Alejandrina
Alejandrina
El clavecín, el piano y la celesta. Imposible concebir un ángel más completo. Alejandrina Sanromá llegó a mi vida —más bien pasó por mi vida— en uno de esos momentos de sequía en que creí que ya jamás me volvería loco de pasión. Me obsesioné con esa idea del mismo modo en que algunos escritores se obsesionan con la página en blanco. Yo estaba en blanco, el mundo frente a mí también lo estaba. Llegué a pensar que mi relación anterior, un horrorizado romance con la violinista Manuela Suggia, me había incapacitado para sentir de nuevo. El último descenso a los infiernos que emprendimos juntos había sido a principios de junio. De pronto estábamos en noviembre, llevaba meses de fidelidad forzada, y ante mi tristeza y ese vagar como alma en pena por la casa, mi mujer se atemorizó: pensó que estaba planeando abandonarla. Por primera vez, noté que desconfiaba de mis salidas; registraba mis bolsillos, me espiaba cuando hablaba por teléfono. ¿Cómo explicarle que nunca le había sido fiel por tanto tiempo ni con tanta intensidad?

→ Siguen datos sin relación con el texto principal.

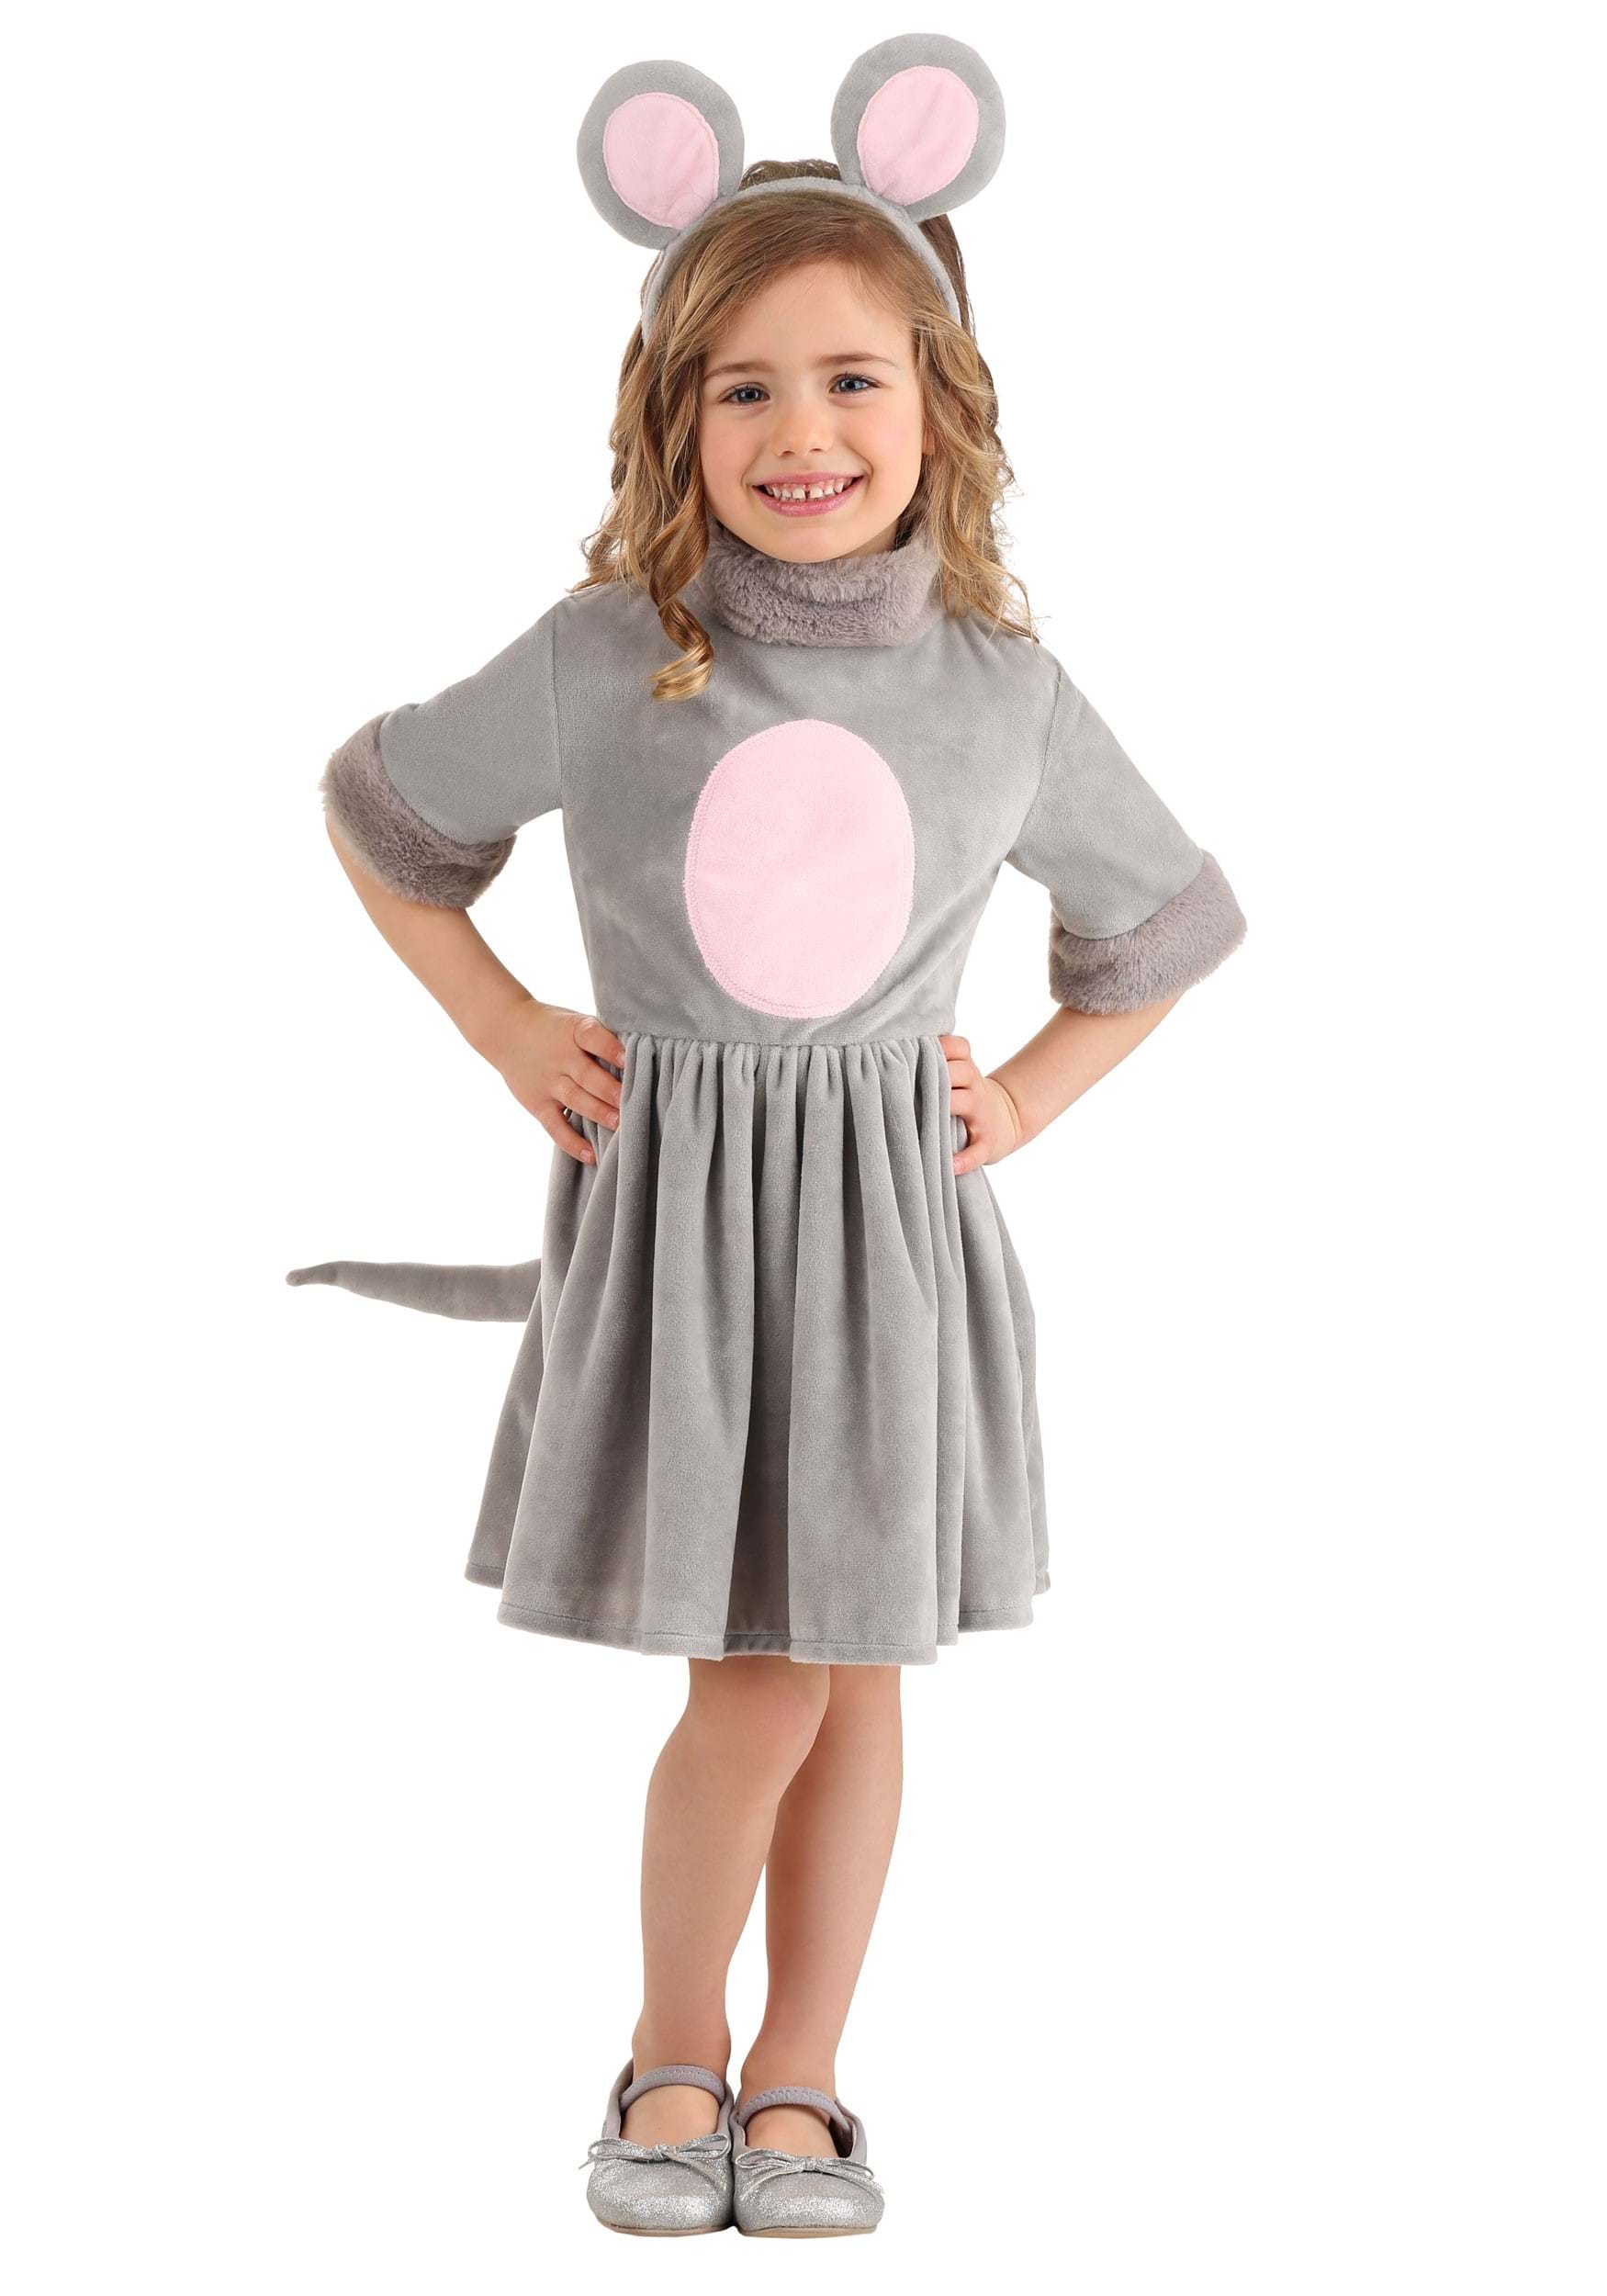 Photos - Fancy Dress Winsun Dress FUN Costumes Girl's Toddler Mouse Dress Costume Pink/Gray FUN1750TD

Estaba vacío, y por lo tanto, ni siquiera se me ocurría mirar a otra mujer. Me llegué a preguntar si no me habría enamorado de Manuela, absorbente viciosa, si no estaría atrapado por su recuerdo, por la violencia y la acritud que puso al final. Me golpeó duro la tristeza, un desaliento que parecía escurrirme por los poros. Me despertaba de madrugada, me asfixiaba en la cama, pero me obligaba a quedarme en ella, esperando el amanecer, la luz que iba entrando a poquitos y que cambiaba de color de minuto en minuto. Hacia el alba, mi mujer empezaba a roncar; los únicos ronquidos que me han llenado siempre de ternura son los de ella. En las amantes eran otra cosa. Los ronquidos me causaban risa o fastidio, incluso lástima, y en alguna ocasión fue la señal que me indicaba que había llegado la hora de alejarse.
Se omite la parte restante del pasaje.